Longitudinal Study: 2013–2015

In Q4 2013, we collected data for a benchmark study on 10 retail websites and included SUPR-Q data from 800 participants. Approximately two years later (Dec 2015 to Jan 2016) we reached out to 125 participants who provided their contact details and indicated it would be okay to be contacted about their results. We invited these participants to complete a follow-up study and asked them about their subsequent experience on the website they had rated: specifically, how many purchases they made and how much money they spent on the website in the prior 12 months. We received 24 completed responses (a 16% response rate) for seven websites (see Table 1). It’s a small sample but still large enough to explore potential relationships between UX attitudes and behaviors on websites.

WebsiteSample Size
Bed Bath & Beyond4
Crate & Barrel3

Table 1: Websites and number of respondents per website for the follow-up survey.

Most respondents reported making a purchase in the prior year (83%) and the median number of purchases was 2, with a wide range of 0 to 100 (the high being from the one Amazon respondent). The median spent per website was $115, also with a wide range of $0 to $1500 (again this was for the Amazon respondent).

To assess the predictive validity of the SUPR-Q, we can use the simple correlation. The correlation between individual SUPR-Q scores and number of purchases is a small r = .18. At a sample size of 24 this correlation isn’t statistically significant (p = .39). The correlation between the average amount spent and SUPR-Q scores is also not statistically significant and small: r = -.13; p = .60. (It’s also going in the wrong direction!)

As is often the case with prediction and social science research, we may need to dig deeper to understand patterns (or lack thereof) as absence of evidence doesn’t always mean evidence of absence. Errors in how we measure attitudes and behavior can mask relationships.

There are at least three well-documented challenges to using the correlation as a measure of predictive validity: linearity, range restriction, and non-aggregated data.


Correlation (the kind you typically hear about) works best when the data is roughly linear and normally distributed. A visual inspection of the distribution of purchases and purchase amounts reveals a heavily skewed distribution (see Figure 1).

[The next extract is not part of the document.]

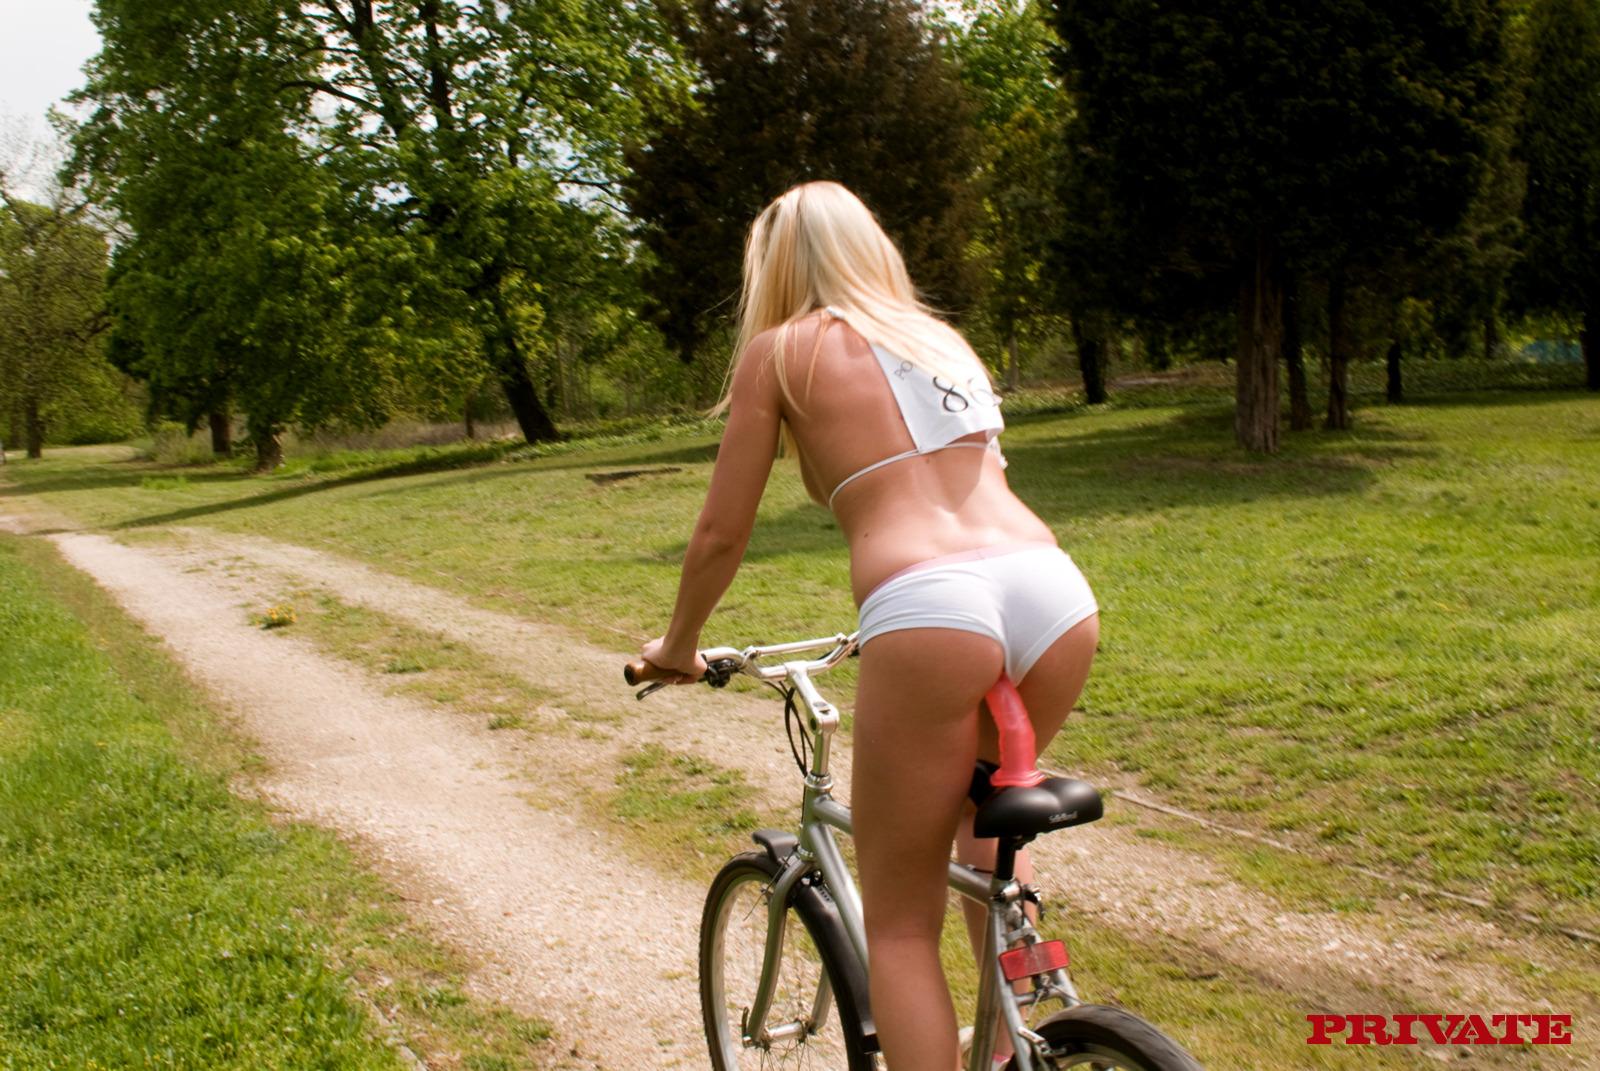 Bike with a dildo

Figure 1: Distribution of money spent and number of purchases made in the prior year (self-reported) on a website is positively skewed, likely affecting the correlation between SUPR-Q and purchase and amount spent.

Removing the one large purchase not only intensifies the negative correlation (r = -.38; p = .06), but also produces a more expected pattern as shown in Figure 2 with r = .31 and p = .15, but it’s still not a statistically significant result.

Figure 2: There is a slight, but not statistically significant, relationship between SUPR-Q scores and future number of website purchases (after removing one large purchase).

Range Restriction

A wide range of responses is best for detecting differences. The range of SUPR-Q scores and reported purchase history here may be too narrow. There is still some variability; the lowest scoring experience was very low (at the 1st percentile) but most scores were high, with 75% being above average. A larger sample size with more variability at the low end may help identify the relationship.


It can be very difficult to predict individual instances of behavior from a general measure of attitude (e.g., one person’s attitude about exercise can predict whether they will exercise in a given period). However, when data is aggregated, you can predict patterns of behavior (many people’s attitudes about behavior predicting average actual exercising rates). See Ajzen, chapter 4 for a detailed overview of aggregating attitudinal data to predict behavior. But when you have such a small sample size, there just isn’t much to aggregate.

Means vs. Extremes

Earlier we wrote about how often it’s the extremes, not the means, that are a better predictor of behavior. This is why the NPS uses the top-two boxes to predict recommendation behavior (and ultimately growth). Using the top (or bottom) scores is essentially a nonlinear transformation.

One theory is that those who hold average attitudes are generally less likely to follow through on a behavior (for example, visiting or purchasing); whereas those with more extreme attitudes are more likely to act on their beliefs. To identify the extreme respondents, we segmented the responses using the SUPR-Q distribution of scores into five groups:

  • Bottom 25%
  • Below average (this includes the bottom 25%)
  • Above average (this includes the top 25% and top 5%)
  • Top 25%
  • Top 5%

Because of the small samples, each group is not independent. The below average group contains the bottom 25% and the above average group contains the top 25% and top 5%. However, this transformation allows us to compare below average to above average and top scorers to bottom scorers.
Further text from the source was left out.